I would like to know if the spacy tokenizer could tokenize words only using the "space" rule. For example:

sentence= "(c/o Oxford University )"

通常使用spacy的如下配置:

Normally, using the following configuration of spacy:

nlp = spacy.load("en_core_news_sm")
doc = nlp(sentence)
for token in doc:
   print(token)

结果是:

 (
 c
 /
 o
 Oxford
 University
 )

相反,我想要如下输出(使用 spacy):

Instead, I would like an output like the following (using spacy):

(c/o 
Oxford 
University
)

是否可以使用 spacy 获得这样的结果?

Is it possible to obtain a result like this using spacy?

推荐答案

让我们用自定义的 Tokenizertoken_match 正则表达式:

Let's change nlp.tokenizer with a custom Tokenizer with token_match regex:

import re
import spacy
from spacy.tokenizer import Tokenizer

nlp = spacy.load('en_core_web_sm')
text = "This is it's"
print("Before:", [tok for tok in nlp(text)])

nlp.tokenizer = Tokenizer(nlp.vocab, token_match=re.compile(r'\S+').match)
print("After :", [tok for tok in nlp(text)])


Before: [This, is, it, 's]
After : [This, is, it's]

您可以通过添加自定义后缀、前缀和中缀规则来进一步调整 Tokenizer.

You can further adjust Tokenizer by adding custom suffix, prefix, and infix rules.

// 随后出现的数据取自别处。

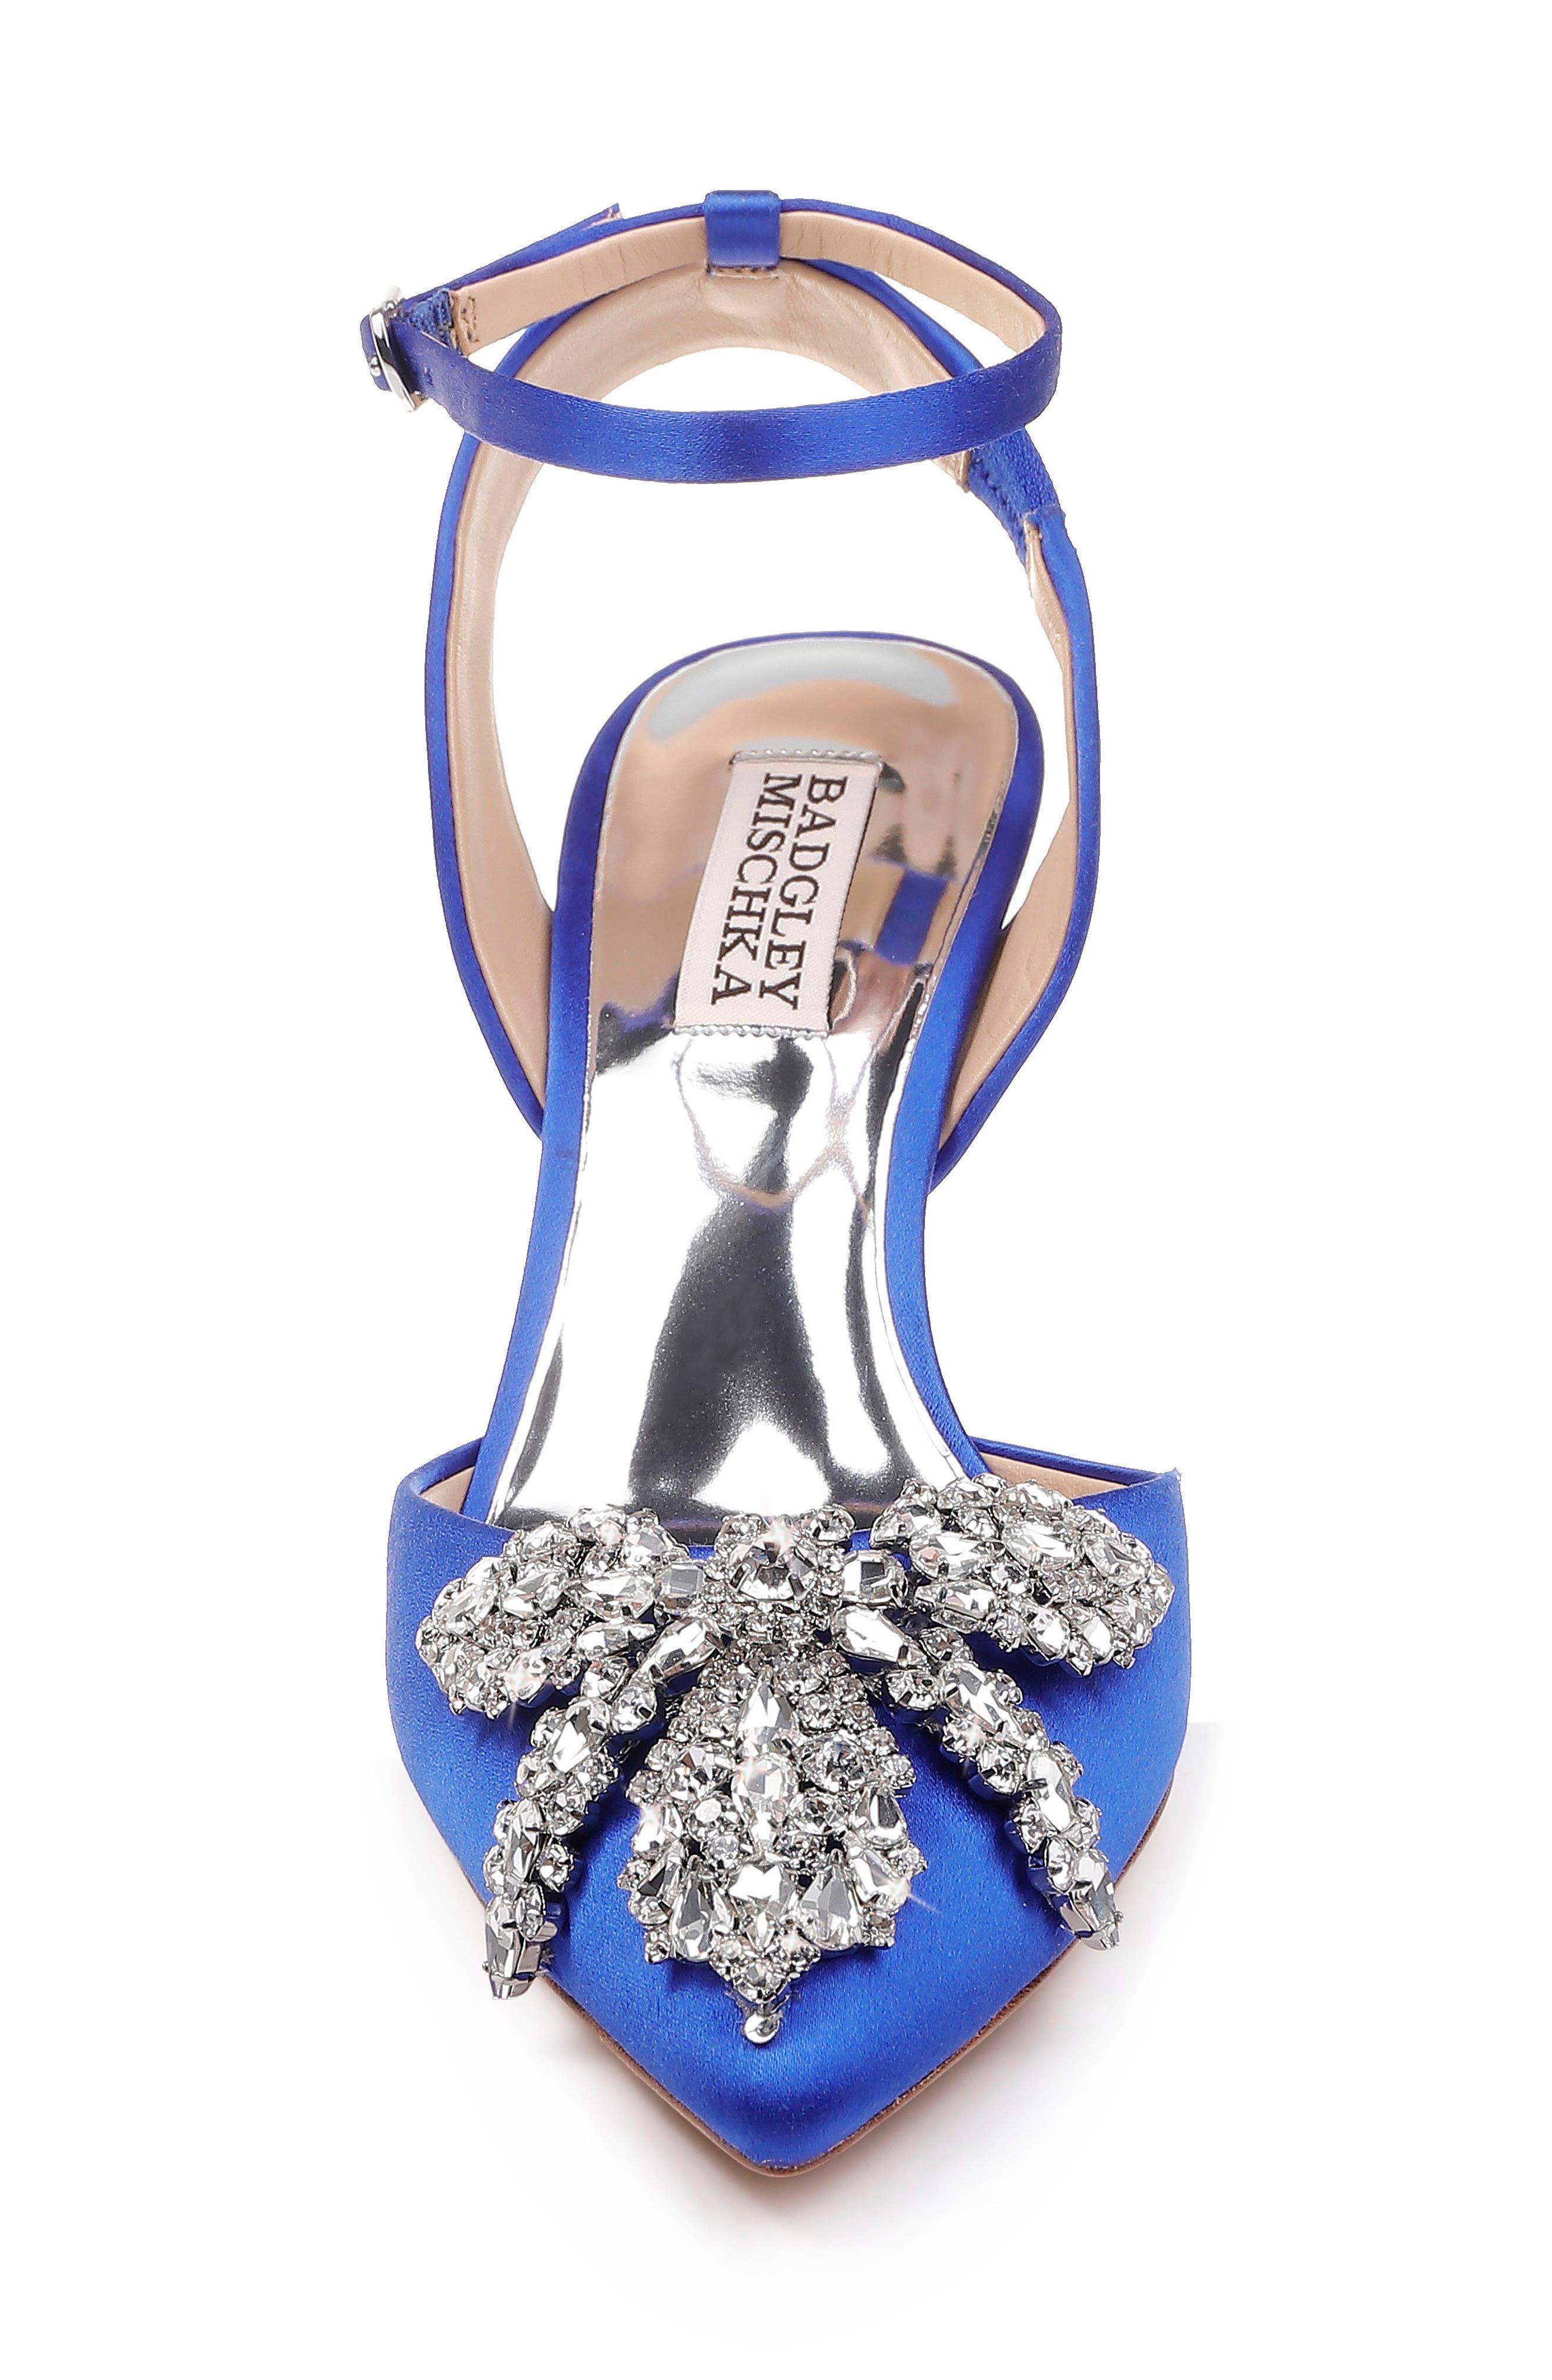 BADGLEY MISCHKA COLLECTION,                             Badgley Mischka Fana Crystal Embellished Pump,                             Alternate thumbnail 4, color,                             AFRICAN BLUE SATIN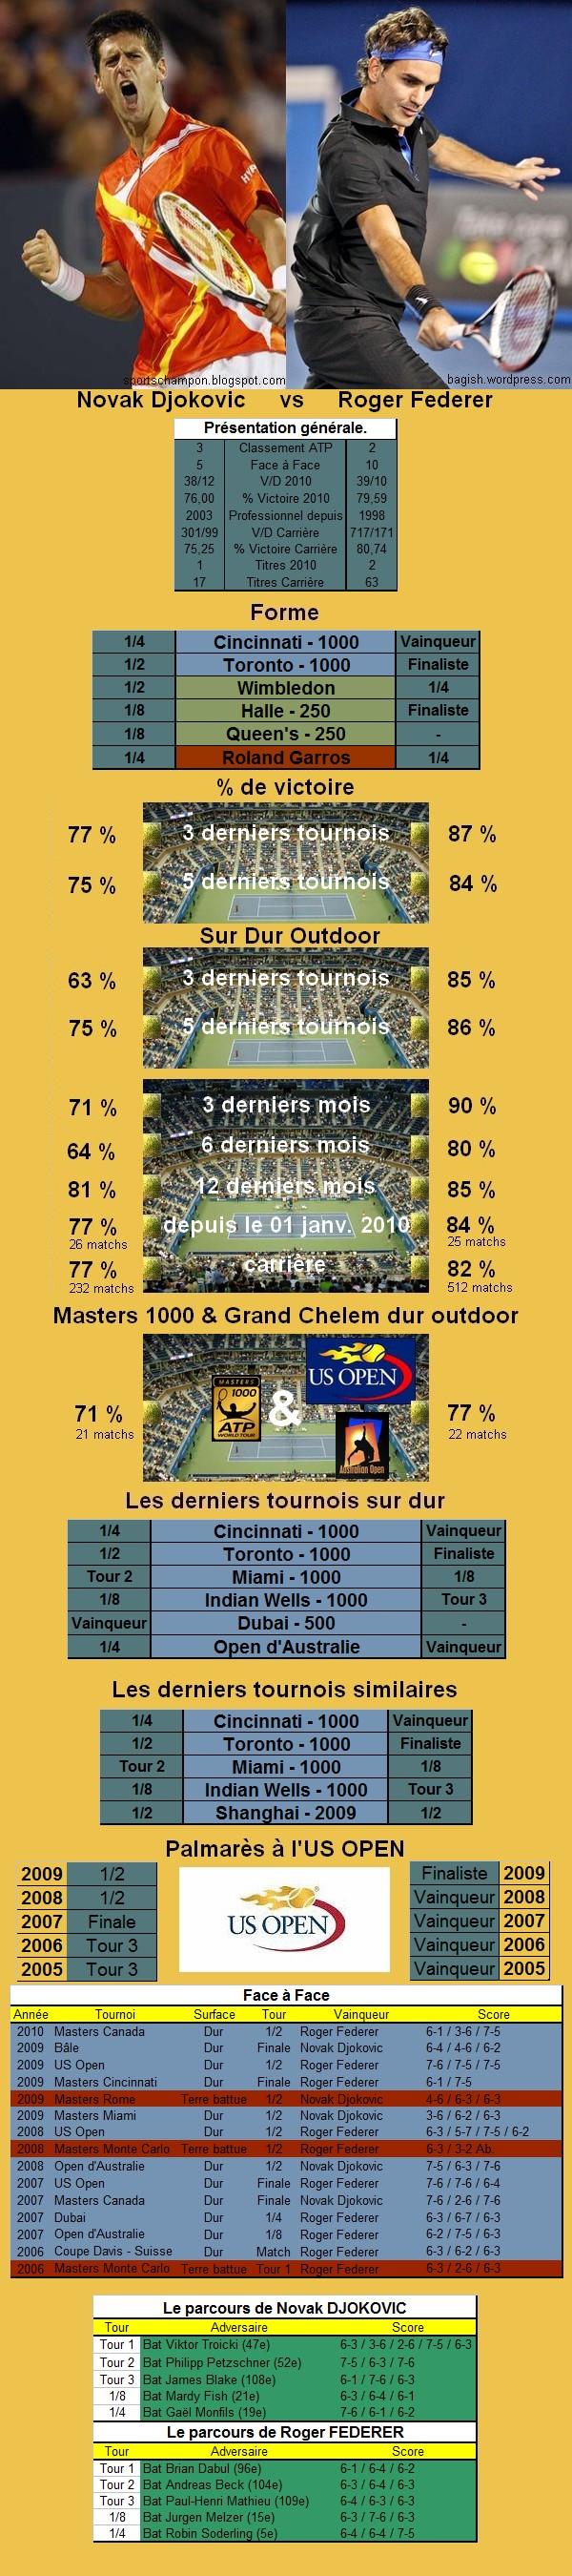 Statistiques tennis de Djokovic contre Federer à l'US OPEN

另一种更细粒度的方法是找出为什么 it's 标记像 nlp.tokenizer.explain() 一样被拆分:

An alternative, more fine grained way would be to find out why it's token is split like it is with nlp.tokenizer.explain():

import spacy
from spacy.tokenizer import Tokenizer
nlp = spacy.load('en_core_web_sm')
text = "This is it's. I'm fine"
nlp.tokenizer.explain(text)


你会发现拆分是由于SPECIAL规则:

[('TOKEN', 'This'),
 ('TOKEN', 'is'),
 ('SPECIAL-1', 'it'),
 ('SPECIAL-2', "'s"),
 ('SUFFIX', '.'),
 ('SPECIAL-1', 'I'),
 ('SPECIAL-2', "'m"),
 ('TOKEN', 'fine')]

可以更新以删除它"来自以下异常:

that could be updated to remove "it's" from exceptions like:

exceptions = nlp.Defaults.tokenizer_exceptions
filtered_exceptions = {k:v for k,v in exceptions.items() if k!="it's"}
nlp.tokenizer = Tokenizer(nlp.vocab, rules = filtered_exceptions)
[tok for tok in nlp(text)]


[This, is, it's., I, 'm, fine]

或完全删除撇号上的拆分:

or remove split on apostrophe altogether:

filtered_exceptions = {k:v for k,v in exceptions.items() if "'" not in k}
nlp.tokenizer = Tokenizer(nlp.vocab, rules = filtered_exceptions)
[tok for tok in nlp(text)]


[This, is, it's., I'm, fine]

注意标记上的点,这是由于未指定后缀规则所致.

Note the dot attached to the token, which is due to the suffix rules not specified.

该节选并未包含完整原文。